Transition to germination

It is controlled by abscisic acid and gibberlic acid. Abscisic acid inhibits growth and gibberellic acid promotes growth. There are number of genes which affect transition when mutated but are not involved in hormone synthesis. Instead these genes encode regulatory proteins that control downstream embryo specific and seedling specific gene expression. Mutations in these genes cause appearance of trichomes on cotyledons. Trichomes are epidermal hair usually found on leaves. For example LEC1 and FUSCA 3

Dark development or Skotomorphogenesis

It is the first stage of the germination. It is characterized by rapid extension of shoot upwards through soil. Shoot is pale and spindly, condition described as etiolated. Light development or Photomorphogenesis It is the type of development where seedling emerges from soil and is exposed to light. The seedling turns green as it begins to accumulate chlorophyll. Photosynthesis begins and shoot apical meristem is activated leading to the formation of true leaves.

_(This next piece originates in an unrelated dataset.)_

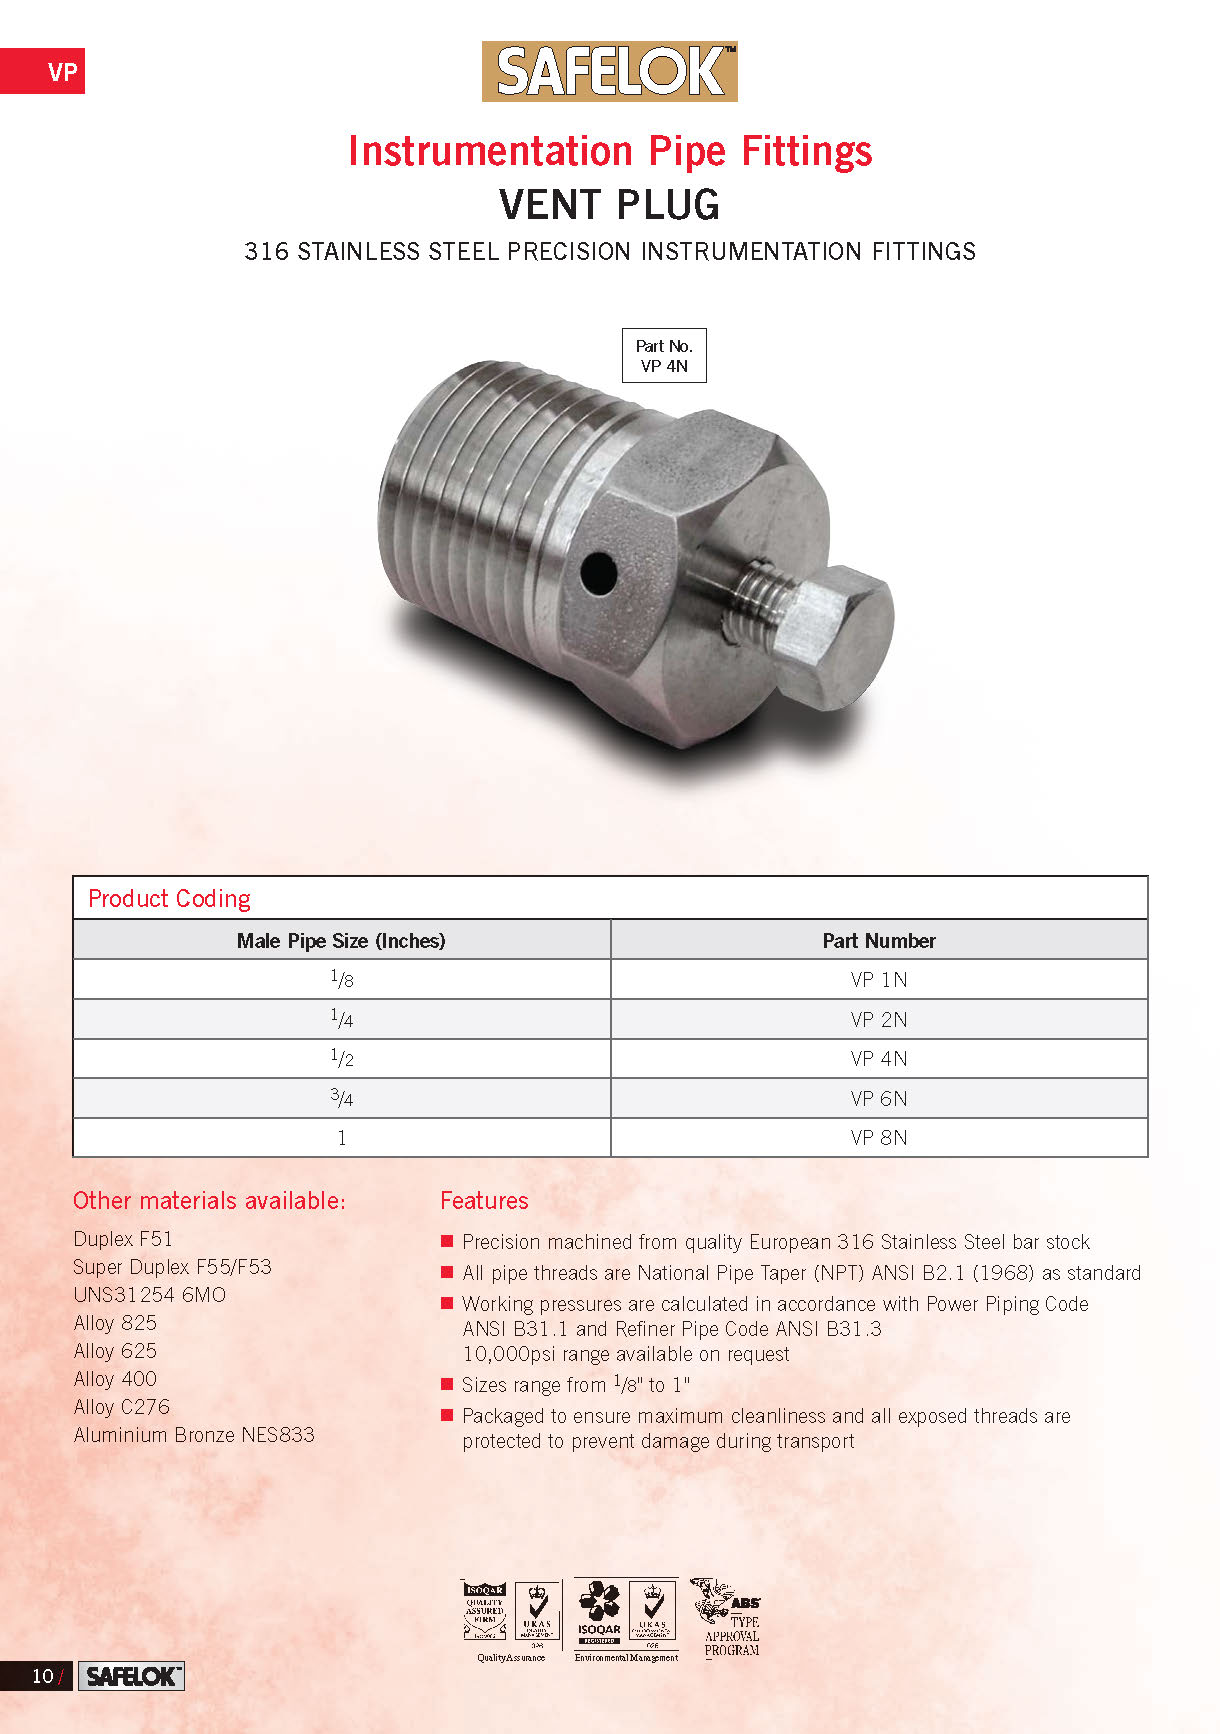 Instrumentation pipe fittings safelok

Shoot and root development

The vascular plant begins its existence as a single cell, the zygote. The zygote grows into embryo; the early embryo is globular whereas a mature embryo has a defined apical basal growth axis. This polar structure has two distinct zones during longitudinal axis formation. The two zones have the capacity of continuous growth and are set apart at opposite poles. These regions are the apical meristems, one producing the shoot system, the other producing the root system. These are open ended indeterminate growth systems from which the same kinds of organs and/or tissues are produced continuously and which result in the primary plant body.

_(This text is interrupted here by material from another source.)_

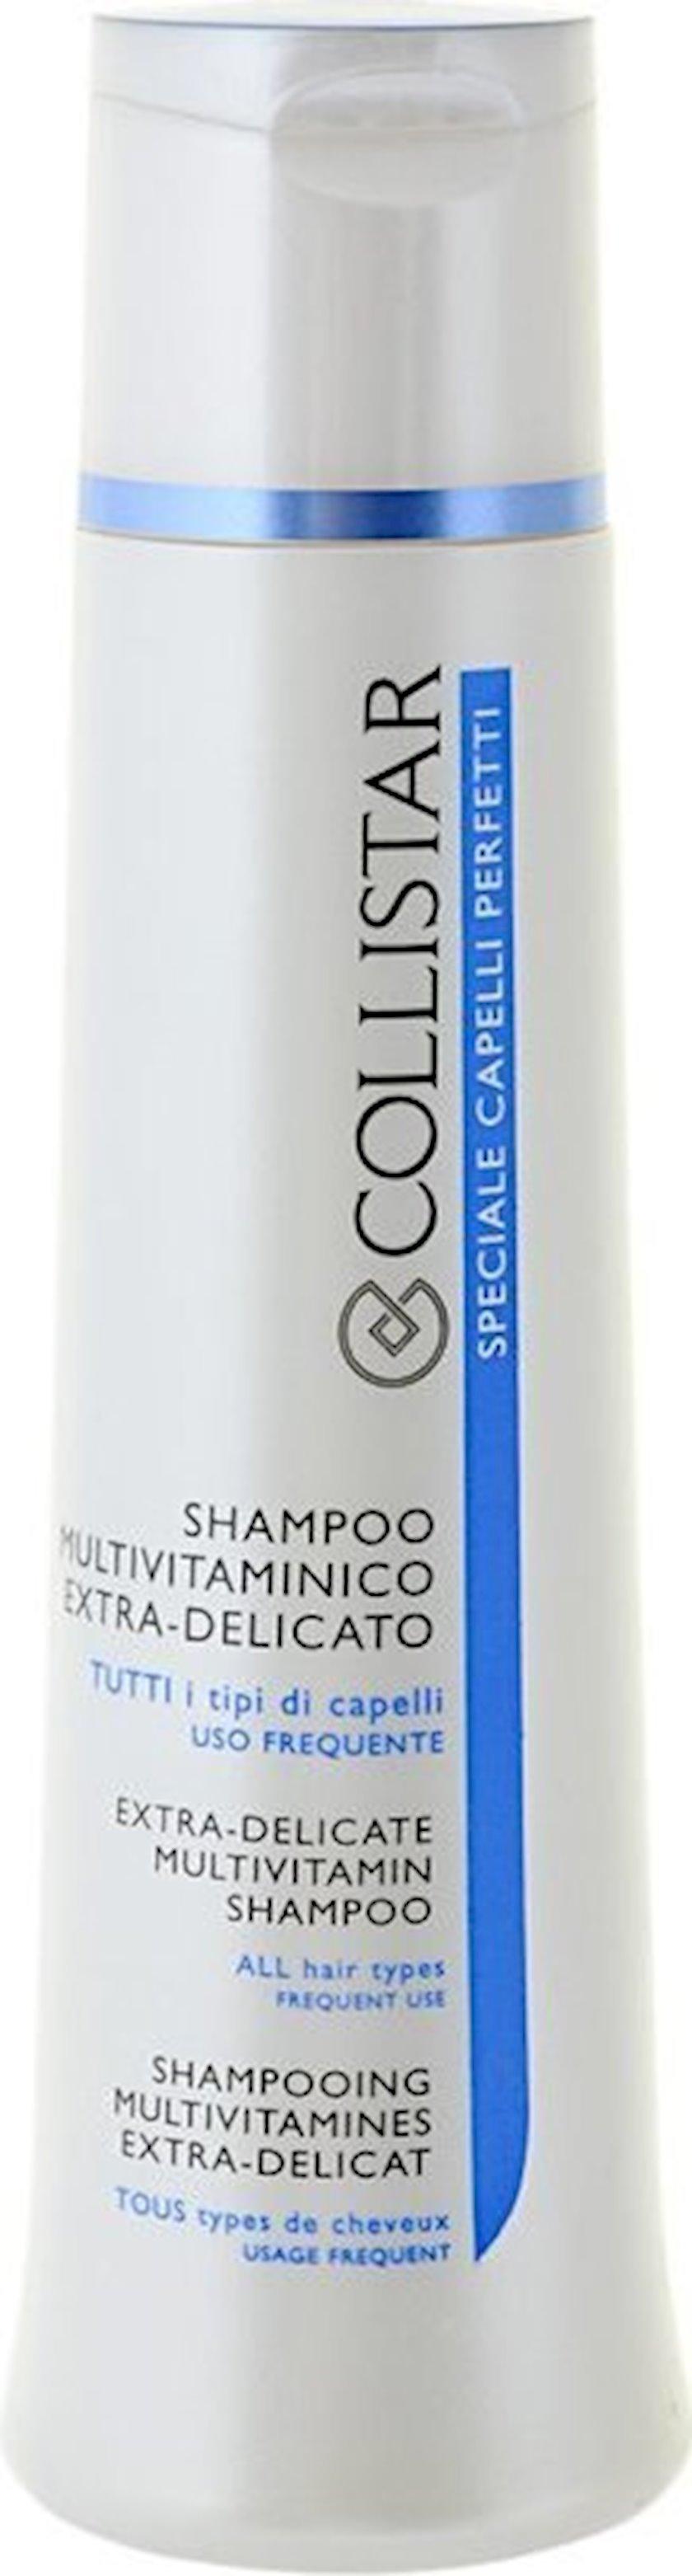 Şampun Collistar Extra-Delicate Multivitamin Shampoo 250 ml

In response to environmental conditions, such as photoperiod and low temperature, the shoot apical meristem may undergo transition to a floral state. In some cases, the meristem become determinate and ceases to produce new organs and most root meristems remain indeterminate, although lateral roots which branch off a primary axis can become determinate. Shoot buds containing meristematic cells give rise both to terminal apices and to lateral. Roots also branch profusely, but from meristematic tissue deep within the root axis, so generating extensive root systems typical of most land plants. In monocotyledons, an intercalary meristem located at each node of the stem provides the facility for continued longitudinal growth if the shoot tip is destroyed. Plants with extended lifespans have additional meristem layers called cambium which develop within roots and stems, and lead to an increase in girth along the plant‘s longitudinal axis. Vascular cambium generates extra conducting tissue; cork cambium produces protective tissue, replacing the functions of epidermis in stems, and cortex and epidermis in roots. Cambial meristems and their derivative tissues are referred to as the secondary plant body. Although no new organs are produced by these lateral meristems, the secondary plant body may constitute the bulk of the plant, for example a tree‘s trunk, branches and roots. The group of cells which generates the vascular tissues including the pericycle in the roots of higher plants is called procambium. It is a meristematic tissue that is concerned with providing the primary tissues of the vascular system.